His reasoning: The state inspected the park regularly in response to complaints, eventually triggering a parkwide inspection. The department provided the owners plenty of notice and chances before cutting off rental income, which they would need to fix issues and keep people safely housed. When those failed, it let the local government take over. After a drawn-out process, a new owner is to take over Stockton Park Village, preserving it as a housing option.
“I think things are working, and they're maybe frustrating for some and maybe painful for others, because it takes time for those violations to ultimately be corrected,” Krause said. “But there are proper tools in place for all those things to happen.”
Heather Riley bought her father a used camper trailer in Chinese Camp, in the foothills of the Sierras, and moved it into Stockton Park Village for him four years ago. It was his chosen retirement community, after the friend who for years rented him his house, also in Stockton, fell ill and his brother sold the home. Riley’s name continues to languish on multiple waitlists for government-subsidized affordable housing, his daughter said.

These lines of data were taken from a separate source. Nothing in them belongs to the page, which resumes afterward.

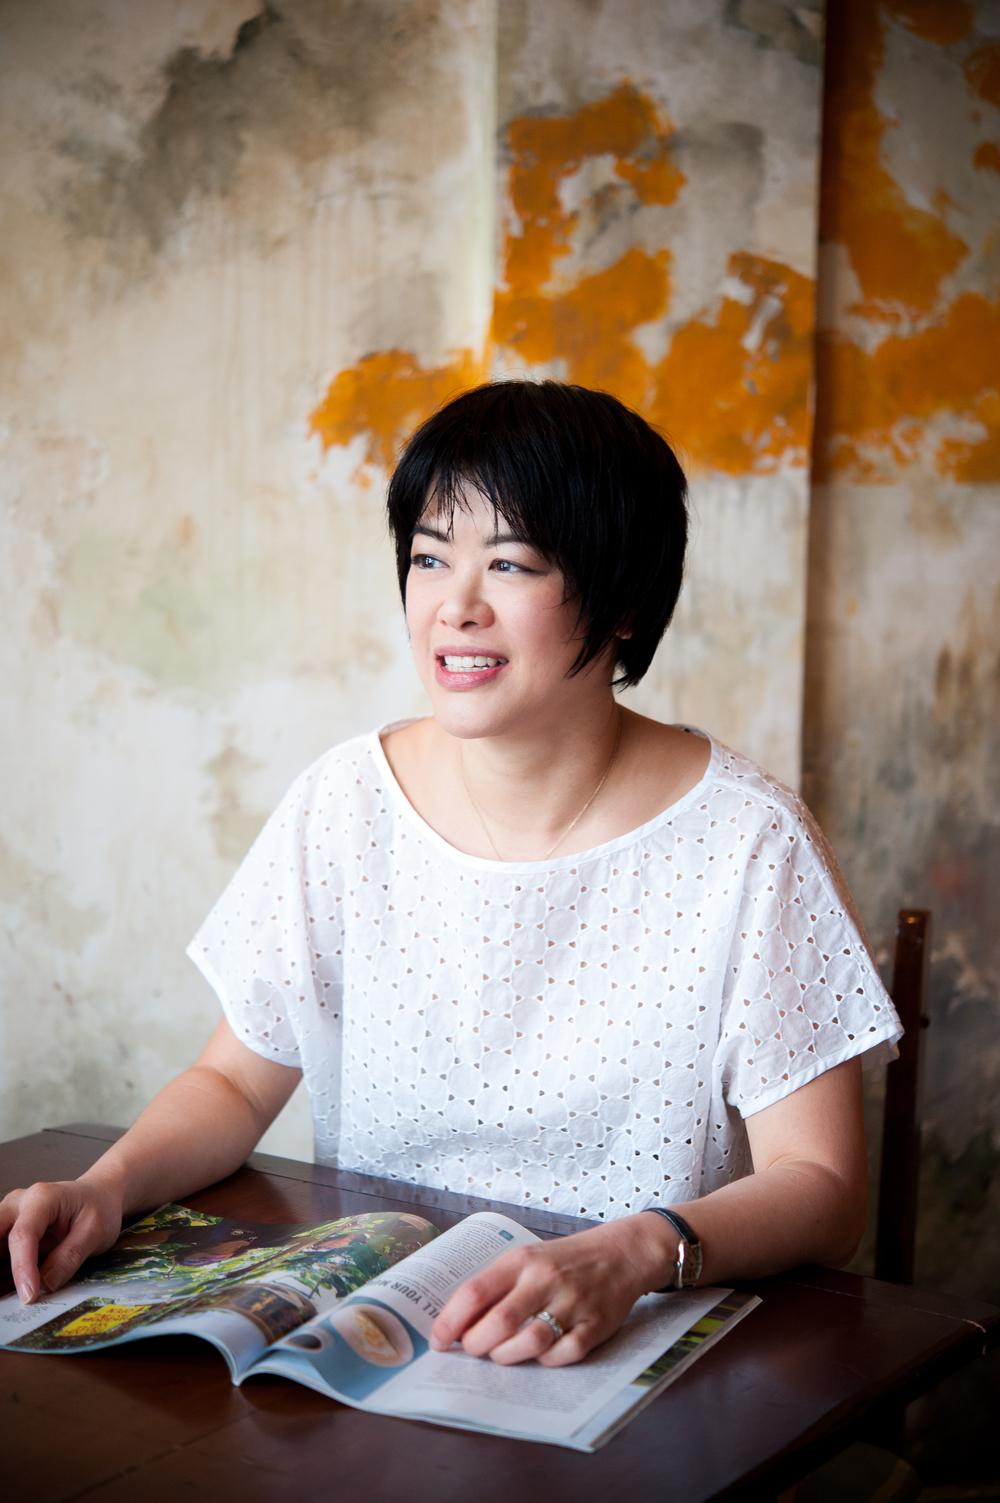 June-wei Sum, Founder Lilikoi Living
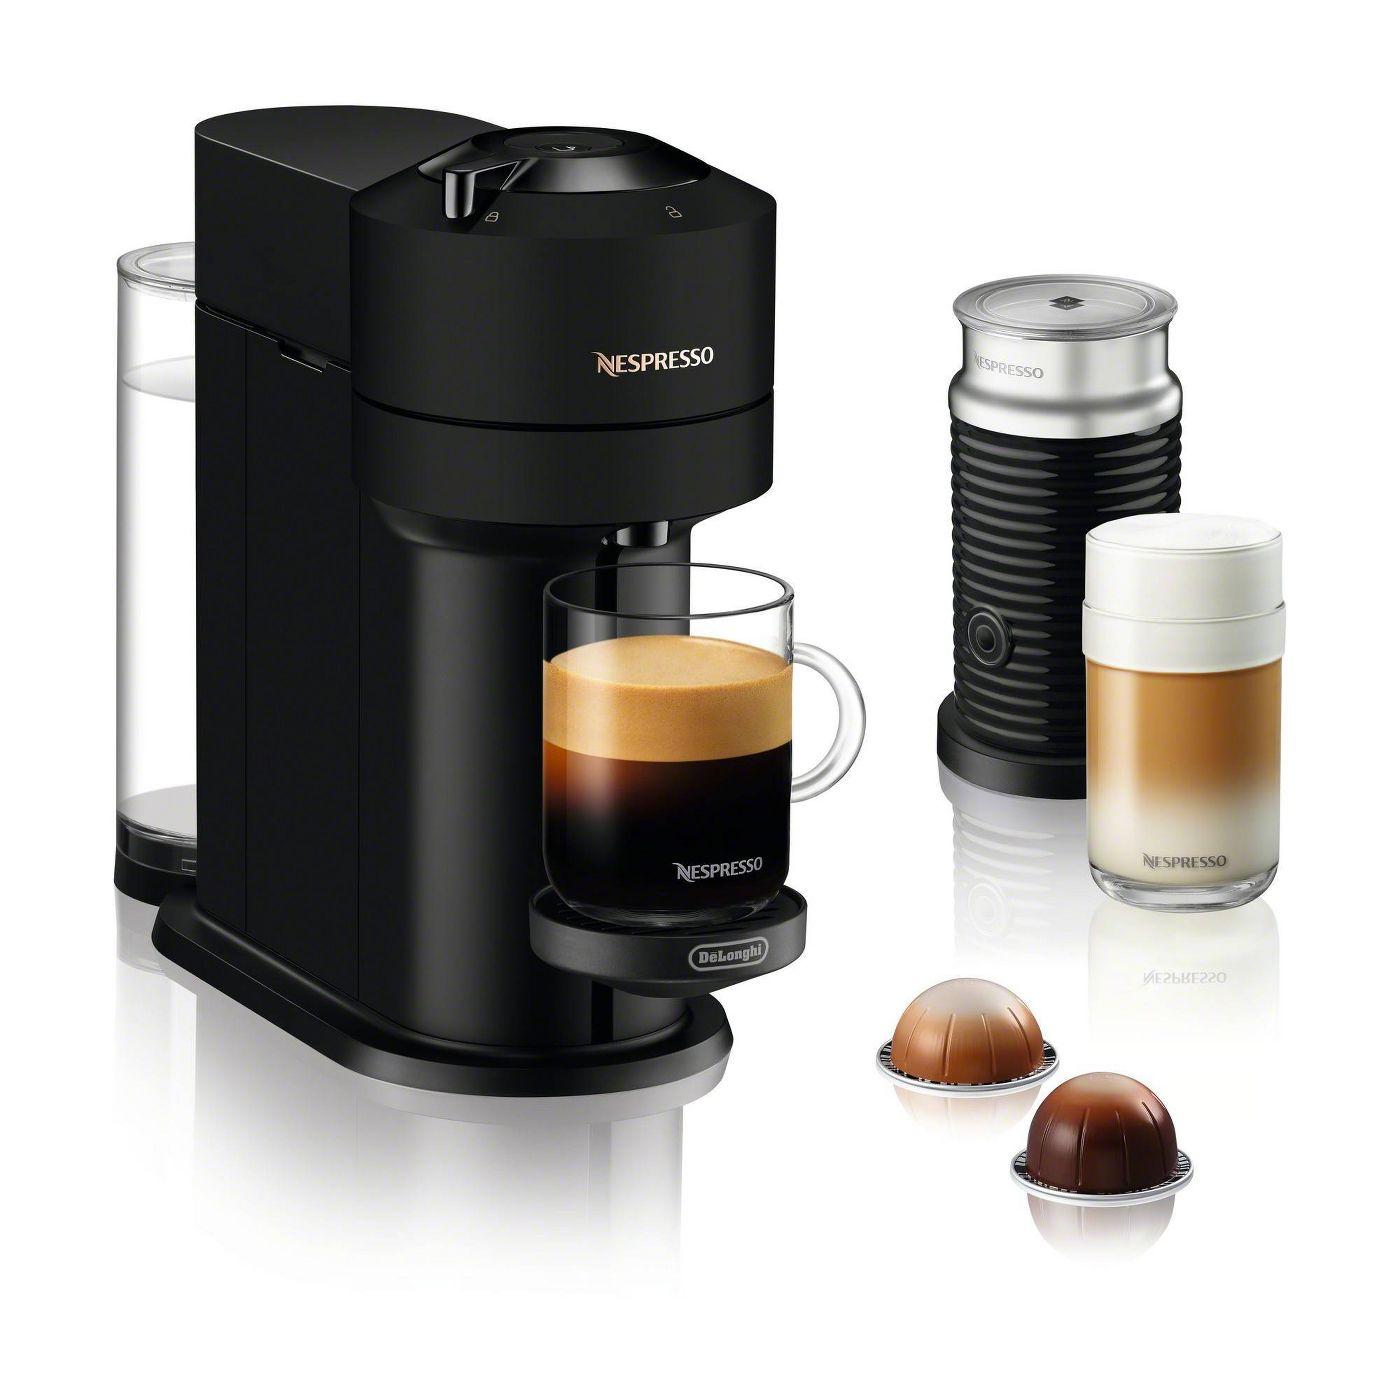 Nespresso Vertuo Next Coffee and Espresso Machine Bundle by De'Longhi - Limited Edition Black Matte - image 1 of 6
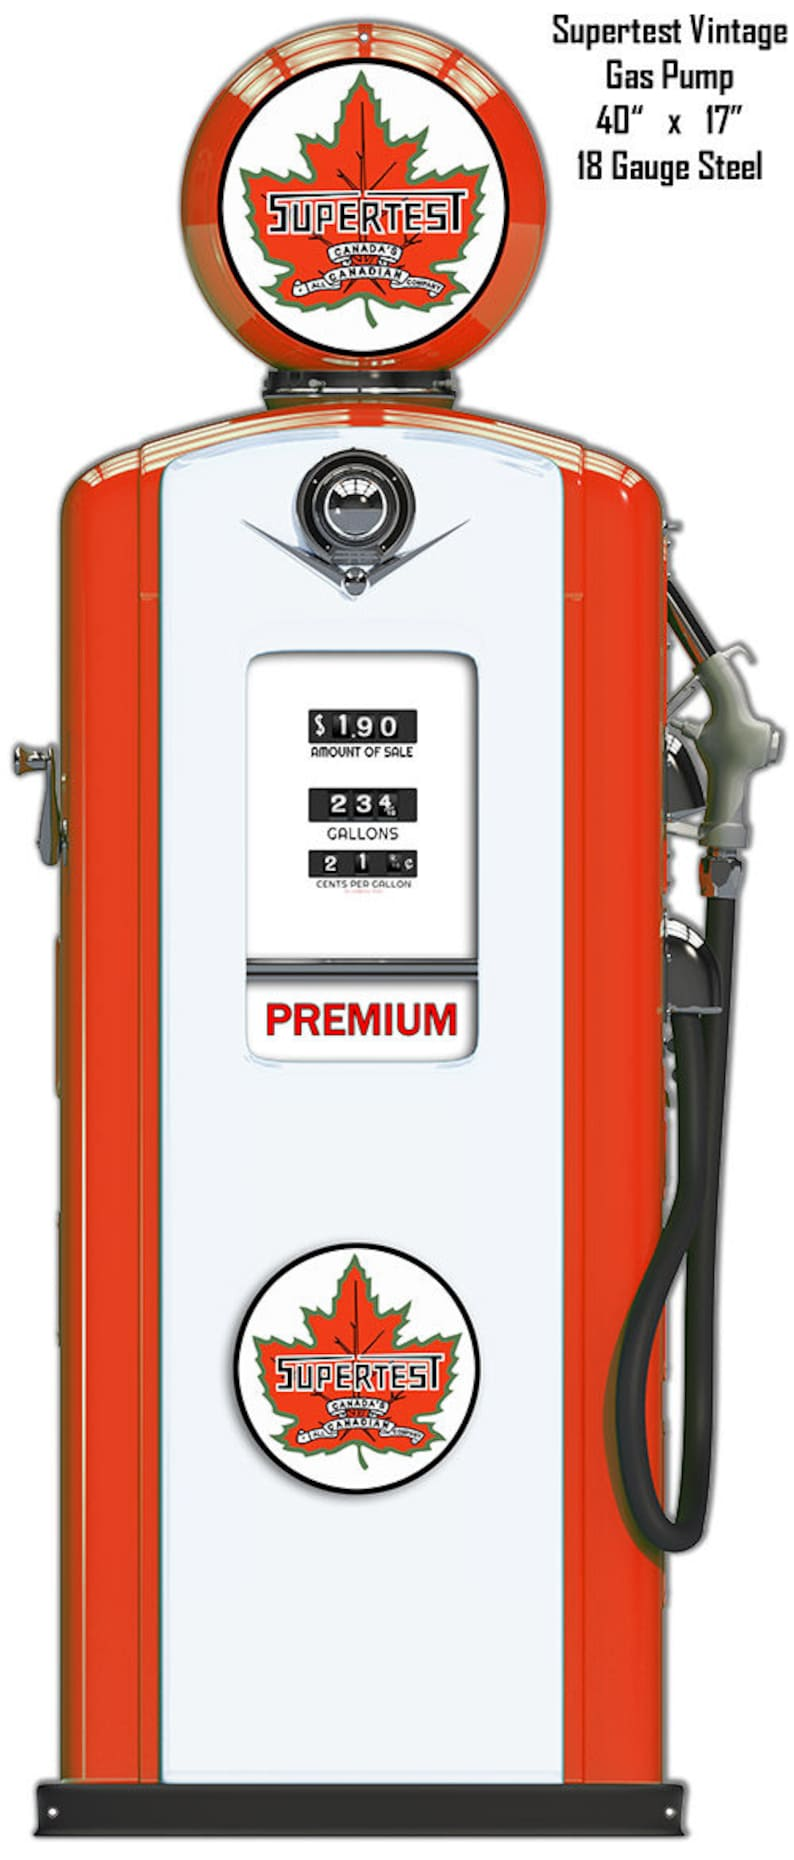 custom shape vintage style retro gas oil garage art wall decor RG 87135 Laser Cutout Metal Sign Supertest Gas Station Pump

His trailer is cramped but cozy. Nestled between his built-in bed and a loveseat, the self-proclaimed Okie Boy sits long hours in his pilled black Reebok hoodie and his leather armchair watching Westerns. Mementos from 87 years of life frame his TV screen, including photographs of his children and his old motorcycle club.
“I was president of that club for 21 years,” he wistfully recalled on a cold January morning.
Before the manager stopped collecting rents in 2020, Riley was paying less than $400 a month for his lot. Average rent for a 1-bedroom apartment in Stockton now costs more than three times as much. Across California, mobile home residents paid a little more than half the monthly housing costs of people living in single-family homes in 2021, according to the American Housing Survey, a subset of the U.S. Census.
But a mobile home offers none of the security of a single-family home. Residents like Riley own their homes, but rent the dirt they sit on, and have little to no control over the infrastructure they’re hooked to. Older mobile homes cost thousands of dollars to move, if their rickety frames can even withstand it, and most parks don’t accept older trailers like his.
Amid the desperation for affordable housing in the wake of World War II, factories spat out mobile homes, and parks sprang up across the country to accommodate them, reaching their peak in the 1970s. In California, nearly 90% of parks for which the state housing department has construction date data were built before 1980. Stockton Park Village was built in 1948, state records show. But parks weren’t built for permanence, and housing experts say that’s evident by their often sputtering water, septic and electric systems.
“Those systems are increasingly failing, partially because they weren't built to super high standards to begin with and partially because there's, in some cases, a tendency to skimp on maintenance and to maximize profits for landlords,” said Zach Lamb, a planning professor at University of California, Berkeley, who specializes in mobile home parks. “And so you have many, many communities that are facing pretty dire infrastructural challenges.”
A 2022 report from the housing department addressed to the state Finance Department notes “deferred maintenance of park infrastructure and aging manufactured or mobile homes have thrown into question the viability of these homes and made mobile home park residents particularly vulnerable to climate change and displacement.”
The report goes on to say that “many mobile home park owners are financially unable to rehabilitate their parks.”
It’s hard to quantify exactly how many parks have failing infrastructure because no one is keeping track. But studies from California and other states show parks everywhere are hurting.
“I can tell you, especially from talking to people who are supposed to be overseeing and trying to fix issues where people don't have clean water in the state, mobile home park-run water systems stand out,” Pierce said.